By Michaela Schiessl
Steiff's problems were of a different nature. The animals were often sloppily sewn together. In many bears, the eyes were not properly aligned. Perhaps Asians might have felt that the bears' new gaze was cute, but for European and American customers the animals' stare looked unappealing and even mean. The cross-eyed bears were rejected during quality control in Germany.
The production problems in China proved hard to fix. The globalized production of a sophisticated product entailed unexpected difficulties. For example, it takes an average of eight to 12 months for a seamstress to learn how to assemble the complicated Steiff patterns at the desired quality level. Hundreds of German Steiff employees traveled to China to train personnel.
But it turned out to be a costly program that ultimately wasn't worth the effort, because many Chinese factory workers do not return to their jobs after the Chinese New Year. Instead, they take jobs with other companies or simply stay home.
Chinese migrant workers have little loyalty to a particular firm. And why should they, when companies are just as disloyal to their workers? If another employer offers them better pay, workers are apt to move on.
Too Slow
The system drove up wages over time, leading to significant labor cost increases during the period of Steiff's involvement in China. What began as a low-wage venture became more and more expensive. Moreover, Steiff had trouble finding companies that were willing to meet German quality requirements. Finally, shipping costs rose as a result of rising oil prices, and the long distances that the products had to be shipped made it difficult for Steiff to react quickly to the market.
Berlin Zoo's celebrity polar bear Knut was a case in point. While Knut was turning from a cuddly baby into a larger, not-so-cute polar bear, thousands of stuffed animal versions of baby Knut were still en route to Europe. As a result, Steiff was unable to take full advantage of all the hype surrounding the celebrity animal.
Steiff had outsourced about 20 percent of its production to China, but in the summer of 2008 CEO Frechen decided he had had enough, and announced that the China venture would be over by the end of 2009. It hasn't quite worked out that way, with Steiff continuing to produce about 5 percent of the products in its toy range in the People's Republic. "Key chains and ... yes, a few bears," Frechen admits reluctantly. He insists that the company intends to be out of China completely by the end of 2010.
'Smacks of PR'
Others take a more critical view of Steiff's promises to be getting out of China. "The whole story also smacks a bit of PR," says Andreas Strobel of IG Metall Heidenheim, the branch of the German metalworkers' trade union that represents Steiff workers. He might be right, as jobs are not in fact returning to Giengen in Germany.
Steiff has long been manufacturing its products through companies it owns in Portugal and Tunisia. An additional 400 jobs have been created in Tunisia, to which much of the company's Chinese production is being shifted.
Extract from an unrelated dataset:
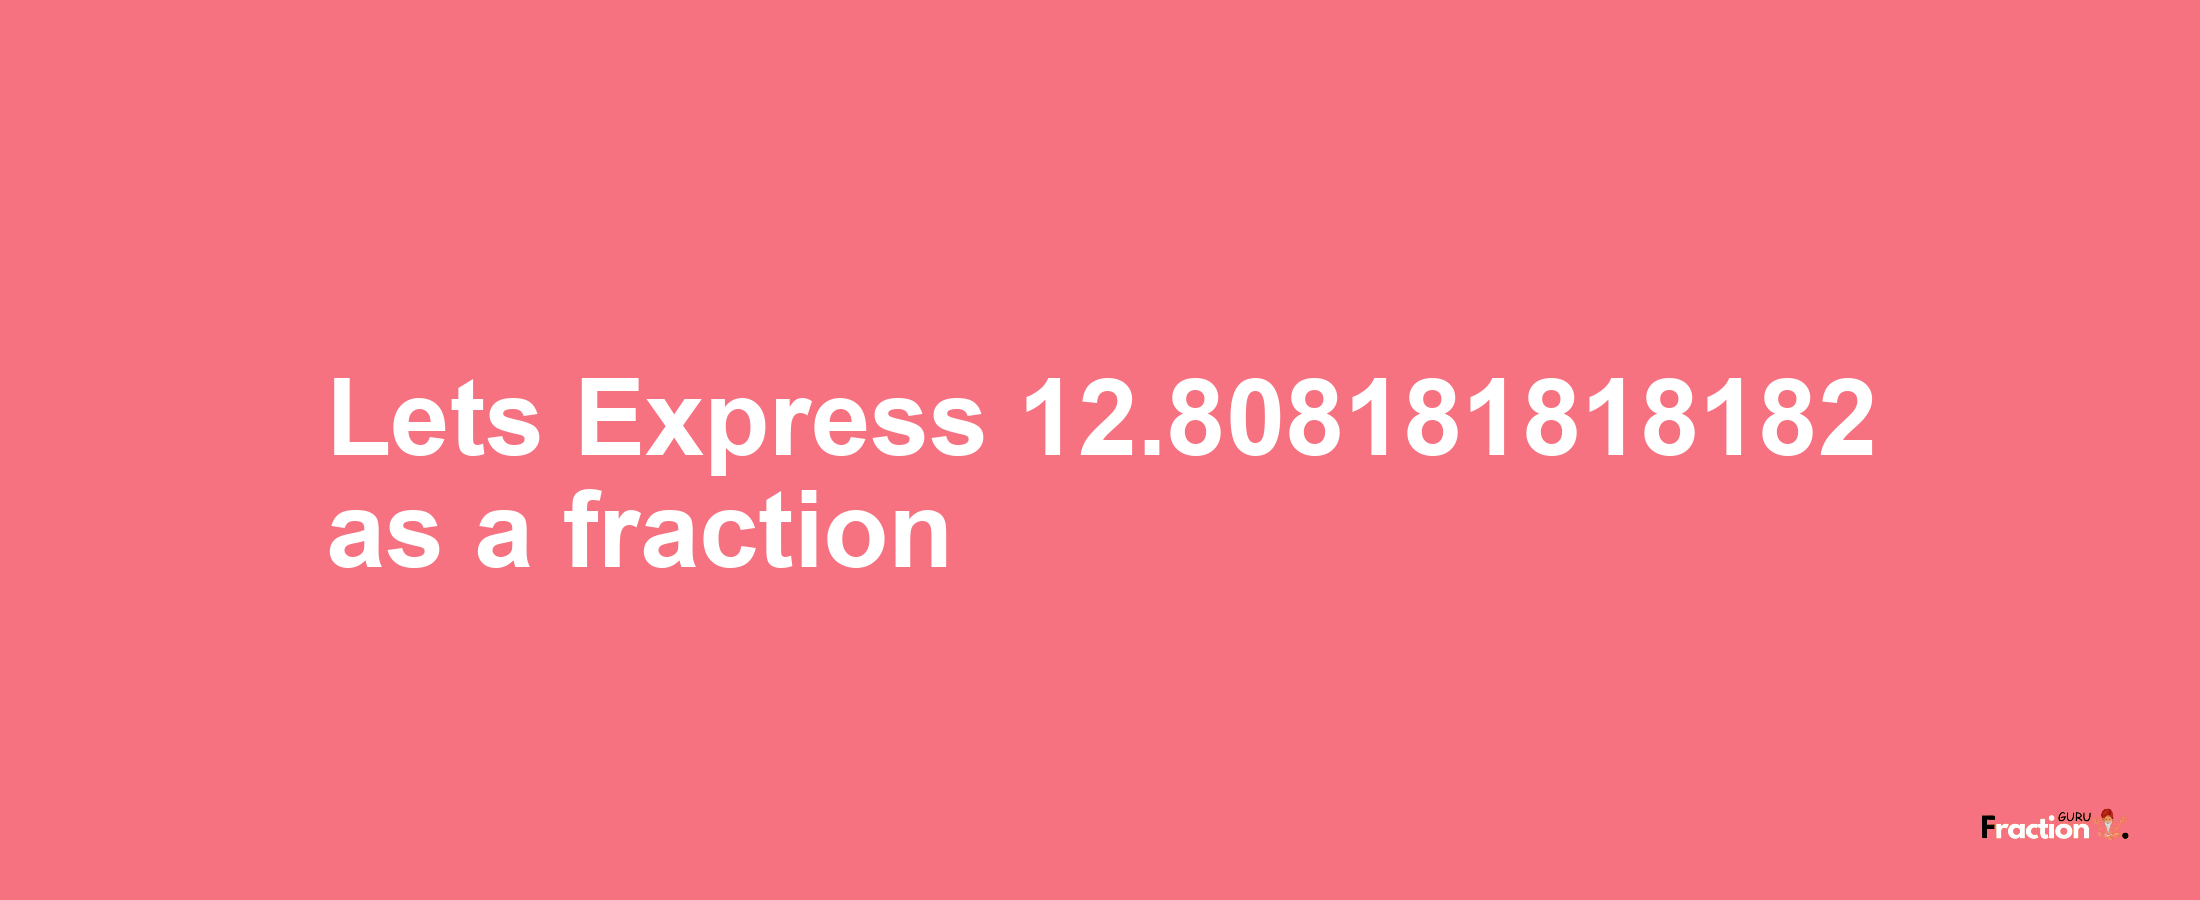 Lets Express 12.808181818182 as afraction

In the country's interior, where the factory is located, Steiff can depend on the loyalty of its workers, because there are no other jobs that pay a comparable wage within a wide radius. The shorter shipping distances also enable the company to react more quickly to the market once again. "If companies request special orders three months before Christmas, we are once more in the position to do that," says Frechen. Steiff has about 550 employees in Tunisia, 300 in Germany, about 100 in Portugal and 20 in the United States.
Steiff has also expanded beyond its roots as a teddy bear company. For some time now, the company has also been producing baby utensils and children's clothing, segments with a significantly stronger outlook for growth than the stuffed animal business. The German market for children's clothing is worth 2.2 billion in annual sales, compared with annual sales of only 100 million in the teddy bear segment.
Growth Market
Steiff's baby products are especially popular, including security blankets, toy watches, grip toys and romper suits. The company is reporting 60 percent growth in this market, and it hasn't shied away from ostentatious marketing stunts, including shooting the photography for its children's clothing catalogue in a Hamburg villa that used to belong to fashion designer Karl Lagerfeld (the company has also paid tribute to the designer with a limited edition 1,000 Karl Lagerfeld bear). Steiff sells its baby products in its own retail outlets and has opened one of its first concept stores on the upmarket North Sea resort island of Sylt.
Frechen explains that clothes attract customers into stores. "People can see that it is a solid product." He plans to continue expanding in this direction and dreams of selling high-quality kindergarten bags and children's underwear. "We want to market ourselves as a premium brand that is not arrogant," he says.
At the same time, he has also dropped many licensed products from the company's product line. His predecessors slapped the bear logo on too many products, including children's furniture, cosmetics and shoes, and risked diluting the brand. Instead, Frechen intends to focus entirely on Steiff's core competencies -- stuffed animals and products for small children -- and on maintaining control over production.
"Full integration" is his favorite expression at the moment. It sounds very German and not particularly globalized. It means maintaining control over every step in the production process and ensuring a high degree of autonomy for the entire product range.
But in one respect, Steiff has remained inconsistent. The company's clothes, a growth business, are produced under license -- and not in the company's native Swabia in southwestern Germany, but in Turkey.